Exact repetition of the whole listing is what this exercise asks for.

Data records

[Start of section]

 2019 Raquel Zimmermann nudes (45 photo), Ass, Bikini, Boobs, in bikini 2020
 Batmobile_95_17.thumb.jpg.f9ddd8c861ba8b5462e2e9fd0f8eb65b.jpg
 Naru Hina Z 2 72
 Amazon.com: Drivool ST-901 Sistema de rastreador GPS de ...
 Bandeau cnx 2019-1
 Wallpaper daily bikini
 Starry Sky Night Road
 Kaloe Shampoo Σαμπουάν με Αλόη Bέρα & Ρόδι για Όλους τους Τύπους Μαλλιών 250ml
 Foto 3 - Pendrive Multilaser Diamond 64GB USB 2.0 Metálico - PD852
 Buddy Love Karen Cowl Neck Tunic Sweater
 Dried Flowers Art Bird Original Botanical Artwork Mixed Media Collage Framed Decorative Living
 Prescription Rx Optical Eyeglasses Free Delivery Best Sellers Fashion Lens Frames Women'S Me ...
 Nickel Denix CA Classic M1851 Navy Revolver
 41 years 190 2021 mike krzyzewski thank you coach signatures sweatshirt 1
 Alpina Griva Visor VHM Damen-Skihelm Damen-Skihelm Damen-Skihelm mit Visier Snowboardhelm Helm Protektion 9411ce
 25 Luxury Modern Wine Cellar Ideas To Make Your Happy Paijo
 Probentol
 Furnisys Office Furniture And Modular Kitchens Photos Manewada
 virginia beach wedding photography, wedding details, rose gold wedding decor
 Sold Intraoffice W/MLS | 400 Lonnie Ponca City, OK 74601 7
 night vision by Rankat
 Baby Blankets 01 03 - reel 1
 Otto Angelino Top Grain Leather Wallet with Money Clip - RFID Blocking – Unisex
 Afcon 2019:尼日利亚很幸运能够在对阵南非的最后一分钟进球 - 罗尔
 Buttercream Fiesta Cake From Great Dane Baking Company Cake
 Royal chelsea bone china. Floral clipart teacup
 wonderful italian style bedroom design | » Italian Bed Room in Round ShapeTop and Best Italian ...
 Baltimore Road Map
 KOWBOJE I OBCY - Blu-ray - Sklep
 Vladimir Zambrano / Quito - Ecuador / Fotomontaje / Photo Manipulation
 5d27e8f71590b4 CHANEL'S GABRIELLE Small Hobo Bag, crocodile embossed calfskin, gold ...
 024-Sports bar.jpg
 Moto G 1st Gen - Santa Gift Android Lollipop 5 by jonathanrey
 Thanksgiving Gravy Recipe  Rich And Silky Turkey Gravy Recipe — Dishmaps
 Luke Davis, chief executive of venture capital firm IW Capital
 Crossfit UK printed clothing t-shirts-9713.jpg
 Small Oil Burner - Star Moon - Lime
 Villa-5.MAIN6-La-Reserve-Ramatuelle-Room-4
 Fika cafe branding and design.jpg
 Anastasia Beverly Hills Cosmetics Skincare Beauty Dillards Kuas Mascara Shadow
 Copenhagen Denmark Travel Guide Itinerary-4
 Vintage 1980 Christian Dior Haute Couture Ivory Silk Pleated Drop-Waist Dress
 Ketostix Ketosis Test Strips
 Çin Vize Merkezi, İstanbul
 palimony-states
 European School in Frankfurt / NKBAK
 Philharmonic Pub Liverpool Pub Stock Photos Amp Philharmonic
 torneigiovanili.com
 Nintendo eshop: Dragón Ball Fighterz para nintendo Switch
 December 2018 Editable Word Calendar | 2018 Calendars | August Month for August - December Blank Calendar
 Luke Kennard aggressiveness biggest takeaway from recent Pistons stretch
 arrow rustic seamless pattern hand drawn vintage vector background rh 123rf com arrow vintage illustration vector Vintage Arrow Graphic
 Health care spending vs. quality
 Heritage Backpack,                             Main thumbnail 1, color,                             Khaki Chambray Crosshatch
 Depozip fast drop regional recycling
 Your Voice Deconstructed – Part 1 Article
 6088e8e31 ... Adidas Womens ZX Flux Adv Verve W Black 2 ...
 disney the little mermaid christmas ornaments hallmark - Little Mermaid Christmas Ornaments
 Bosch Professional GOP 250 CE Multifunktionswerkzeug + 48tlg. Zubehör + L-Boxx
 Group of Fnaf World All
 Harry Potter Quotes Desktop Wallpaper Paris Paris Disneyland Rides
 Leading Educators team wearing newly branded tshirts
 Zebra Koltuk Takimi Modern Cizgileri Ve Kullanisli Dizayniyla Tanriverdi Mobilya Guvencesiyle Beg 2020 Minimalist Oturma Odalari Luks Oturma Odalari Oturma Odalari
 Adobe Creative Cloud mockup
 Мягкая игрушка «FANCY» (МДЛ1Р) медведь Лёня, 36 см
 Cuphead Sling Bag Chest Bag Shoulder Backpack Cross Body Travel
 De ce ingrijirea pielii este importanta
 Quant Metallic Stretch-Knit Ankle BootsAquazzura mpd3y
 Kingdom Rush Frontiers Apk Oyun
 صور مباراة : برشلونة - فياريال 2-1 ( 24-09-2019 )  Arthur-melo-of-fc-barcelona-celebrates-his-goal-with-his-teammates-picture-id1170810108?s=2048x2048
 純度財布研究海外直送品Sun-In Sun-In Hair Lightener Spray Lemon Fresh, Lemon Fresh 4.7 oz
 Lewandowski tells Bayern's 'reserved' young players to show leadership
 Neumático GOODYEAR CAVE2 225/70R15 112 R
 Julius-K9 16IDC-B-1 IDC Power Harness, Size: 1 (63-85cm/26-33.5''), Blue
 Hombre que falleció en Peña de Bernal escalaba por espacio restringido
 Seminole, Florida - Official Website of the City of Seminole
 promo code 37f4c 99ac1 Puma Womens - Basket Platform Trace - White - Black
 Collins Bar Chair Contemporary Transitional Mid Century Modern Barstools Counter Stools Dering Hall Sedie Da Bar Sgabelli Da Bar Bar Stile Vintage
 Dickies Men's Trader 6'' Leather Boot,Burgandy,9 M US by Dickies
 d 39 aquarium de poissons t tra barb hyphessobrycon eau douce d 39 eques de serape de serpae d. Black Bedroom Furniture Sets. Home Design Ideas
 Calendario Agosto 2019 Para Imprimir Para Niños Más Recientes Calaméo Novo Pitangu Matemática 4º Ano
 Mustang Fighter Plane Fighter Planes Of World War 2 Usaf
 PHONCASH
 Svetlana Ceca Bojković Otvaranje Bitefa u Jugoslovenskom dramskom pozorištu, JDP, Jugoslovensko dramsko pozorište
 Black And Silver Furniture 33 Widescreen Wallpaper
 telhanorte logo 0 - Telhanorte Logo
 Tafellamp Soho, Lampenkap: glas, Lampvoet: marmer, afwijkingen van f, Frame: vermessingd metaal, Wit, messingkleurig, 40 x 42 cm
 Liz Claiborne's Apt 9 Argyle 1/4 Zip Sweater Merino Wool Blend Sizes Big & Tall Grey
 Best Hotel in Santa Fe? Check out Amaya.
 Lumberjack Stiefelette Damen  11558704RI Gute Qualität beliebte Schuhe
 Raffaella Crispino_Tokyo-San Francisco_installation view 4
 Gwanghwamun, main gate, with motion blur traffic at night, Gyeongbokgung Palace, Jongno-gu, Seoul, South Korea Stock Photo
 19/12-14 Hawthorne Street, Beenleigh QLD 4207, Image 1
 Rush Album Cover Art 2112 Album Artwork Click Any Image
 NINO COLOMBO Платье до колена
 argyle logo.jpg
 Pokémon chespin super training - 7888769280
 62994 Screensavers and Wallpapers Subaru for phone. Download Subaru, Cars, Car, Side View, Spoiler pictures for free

[End of section]

Response area
 2019 Raquel Zimmermann nudes (45 photo), Ass, Bikini, Boobs, in bikini 2020
 Batmobile_95_17.thumb.jpg.f9ddd8c861ba8b5462e2e9fd0f8eb65b.jpg
 Naru Hina Z 2 72
 Amazon.com: Drivool ST-901 Sistema de rastreador GPS de ...
 Bandeau cnx 2019-1
 Wallpaper daily bikini
 Starry Sky Night Road
 Kaloe Shampoo Σαμπουάν με Αλόη Bέρα & Ρόδι για Όλους τους Τύπους Μαλλιών 250ml
 Foto 3 - Pendrive Multilaser Diamond 64GB USB 2.0 Metálico - PD852
 Buddy Love Karen Cowl Neck Tunic Sweater
 Dried Flowers Art Bird Original Botanical Artwork Mixed Media Collage Framed Decorative Living
 Prescription Rx Optical Eyeglasses Free Delivery Best Sellers Fashion Lens Frames Women'S Me ...
 Nickel Denix CA Classic M1851 Navy Revolver
 41 years 190 2021 mike krzyzewski thank you coach signatures sweatshirt 1
 Alpina Griva Visor VHM Damen-Skihelm Damen-Skihelm Damen-Skihelm mit Visier Snowboardhelm Helm Protektion 9411ce
 25 Luxury Modern Wine Cellar Ideas To Make Your Happy Paijo
 Probentol
 Furnisys Office Furniture And Modular Kitchens Photos Manewada
 virginia beach wedding photography, wedding details, rose gold wedding decor
 Sold Intraoffice W/MLS | 400 Lonnie Ponca City, OK 74601 7
 night vision by Rankat
 Baby Blankets 01 03 - reel 1
 Otto Angelino Top Grain Leather Wallet with Money Clip - RFID Blocking – Unisex
 Afcon 2019:尼日利亚很幸运能够在对阵南非的最后一分钟进球 - 罗尔
 Buttercream Fiesta Cake From Great Dane Baking Company Cake
 Royal chelsea bone china. Floral clipart teacup
 wonderful italian style bedroom design | » Italian Bed Room in Round ShapeTop and Best Italian ...
 Baltimore Road Map
 KOWBOJE I OBCY - Blu-ray - Sklep
 Vladimir Zambrano / Quito - Ecuador / Fotomontaje / Photo Manipulation
 5d27e8f71590b4 CHANEL'S GABRIELLE Small Hobo Bag, crocodile embossed calfskin, gold ...
 024-Sports bar.jpg
 Moto G 1st Gen - Santa Gift Android Lollipop 5 by jonathanrey
 Thanksgiving Gravy Recipe  Rich And Silky Turkey Gravy Recipe — Dishmaps
 Luke Davis, chief executive of venture capital firm IW Capital
 Crossfit UK printed clothing t-shirts-9713.jpg
 Small Oil Burner - Star Moon - Lime
 Villa-5.MAIN6-La-Reserve-Ramatuelle-Room-4
 Fika cafe branding and design.jpg
 Anastasia Beverly Hills Cosmetics Skincare Beauty Dillards Kuas Mascara Shadow
 Copenhagen Denmark Travel Guide Itinerary-4
 Vintage 1980 Christian Dior Haute Couture Ivory Silk Pleated Drop-Waist Dress
 Ketostix Ketosis Test Strips
 Çin Vize Merkezi, İstanbul
 palimony-states
 European School in Frankfurt / NKBAK
 Philharmonic Pub Liverpool Pub Stock Photos Amp Philharmonic
 torneigiovanili.com
 Nintendo eshop: Dragón Ball Fighterz para nintendo Switch
 December 2018 Editable Word Calendar | 2018 Calendars | August Month for August - December Blank Calendar
 Luke Kennard aggressiveness biggest takeaway from recent Pistons stretch
 arrow rustic seamless pattern hand drawn vintage vector background rh 123rf com arrow vintage illustration vector Vintage Arrow Graphic
 Health care spending vs. quality
 Heritage Backpack,                             Main thumbnail 1, color,                             Khaki Chambray Crosshatch
 Depozip fast drop regional recycling
 Your Voice Deconstructed – Part 1 Article
 6088e8e31 ... Adidas Womens ZX Flux Adv Verve W Black 2 ...
 disney the little mermaid christmas ornaments hallmark - Little Mermaid Christmas Ornaments
 Bosch Professional GOP 250 CE Multifunktionswerkzeug + 48tlg. Zubehör + L-Boxx
 Group of Fnaf World All
 Harry Potter Quotes Desktop Wallpaper Paris Paris Disneyland Rides
 Leading Educators team wearing newly branded tshirts
 Zebra Koltuk Takimi Modern Cizgileri Ve Kullanisli Dizayniyla Tanriverdi Mobilya Guvencesiyle Beg 2020 Minimalist Oturma Odalari Luks Oturma Odalari Oturma Odalari
 Adobe Creative Cloud mockup
 Мягкая игрушка «FANCY» (МДЛ1Р) медведь Лёня, 36 см
 Cuphead Sling Bag Chest Bag Shoulder Backpack Cross Body Travel
 De ce ingrijirea pielii este importanta
 Quant Metallic Stretch-Knit Ankle BootsAquazzura mpd3y
 Kingdom Rush Frontiers Apk Oyun
 صور مباراة : برشلونة - فياريال 2-1 ( 24-09-2019 )  Arthur-melo-of-fc-barcelona-celebrates-his-goal-with-his-teammates-picture-id1170810108?s=2048x2048
 純度財布研究海外直送品Sun-In Sun-In Hair Lightener Spray Lemon Fresh, Lemon Fresh 4.7 oz
 Lewandowski tells Bayern's 'reserved' young players to show leadership
 Neumático GOODYEAR CAVE2 225/70R15 112 R
 Julius-K9 16IDC-B-1 IDC Power Harness, Size: 1 (63-85cm/26-33.5''), Blue
 Hombre que falleció en Peña de Bernal escalaba por espacio restringido
 Seminole, Florida - Official Website of the City of Seminole
 promo code 37f4c 99ac1 Puma Womens - Basket Platform Trace - White - Black
 Collins Bar Chair Contemporary Transitional Mid Century Modern Barstools Counter Stools Dering Hall Sedie Da Bar Sgabelli Da Bar Bar Stile Vintage
 Dickies Men's Trader 6'' Leather Boot,Burgandy,9 M US by Dickies
 d 39 aquarium de poissons t tra barb hyphessobrycon eau douce d 39 eques de serape de serpae d. Black Bedroom Furniture Sets. Home Design Ideas
 Calendario Agosto 2019 Para Imprimir Para Niños Más Recientes Calaméo Novo Pitangu Matemática 4º Ano
 Mustang Fighter Plane Fighter Planes Of World War 2 Usaf
 PHONCASH
 Svetlana Ceca Bojković Otvaranje Bitefa u Jugoslovenskom dramskom pozorištu, JDP, Jugoslovensko dramsko pozorište
 Black And Silver Furniture 33 Widescreen Wallpaper
 telhanorte logo 0 - Telhanorte Logo
 Tafellamp Soho, Lampenkap: glas, Lampvoet: marmer, afwijkingen van f, Frame: vermessingd metaal, Wit, messingkleurig, 40 x 42 cm
 Liz Claiborne's Apt 9 Argyle 1/4 Zip Sweater Merino Wool Blend Sizes Big & Tall Grey
 Best Hotel in Santa Fe? Check out Amaya.
 Lumberjack Stiefelette Damen  11558704RI Gute Qualität beliebte Schuhe
 Raffaella Crispino_Tokyo-San Francisco_installation view 4
 Gwanghwamun, main gate, with motion blur traffic at night, Gyeongbokgung Palace, Jongno-gu, Seoul, South Korea Stock Photo
 19/12-14 Hawthorne Street, Beenleigh QLD 4207, Image 1
 Rush Album Cover Art 2112 Album Artwork Click Any Image
 NINO COLOMBO Платье до колена
 argyle logo.jpg
 Pokémon chespin super training - 7888769280
 62994 Screensavers and Wallpapers Subaru for phone. Download Subaru, Cars, Car, Side View, Spoiler pictures for free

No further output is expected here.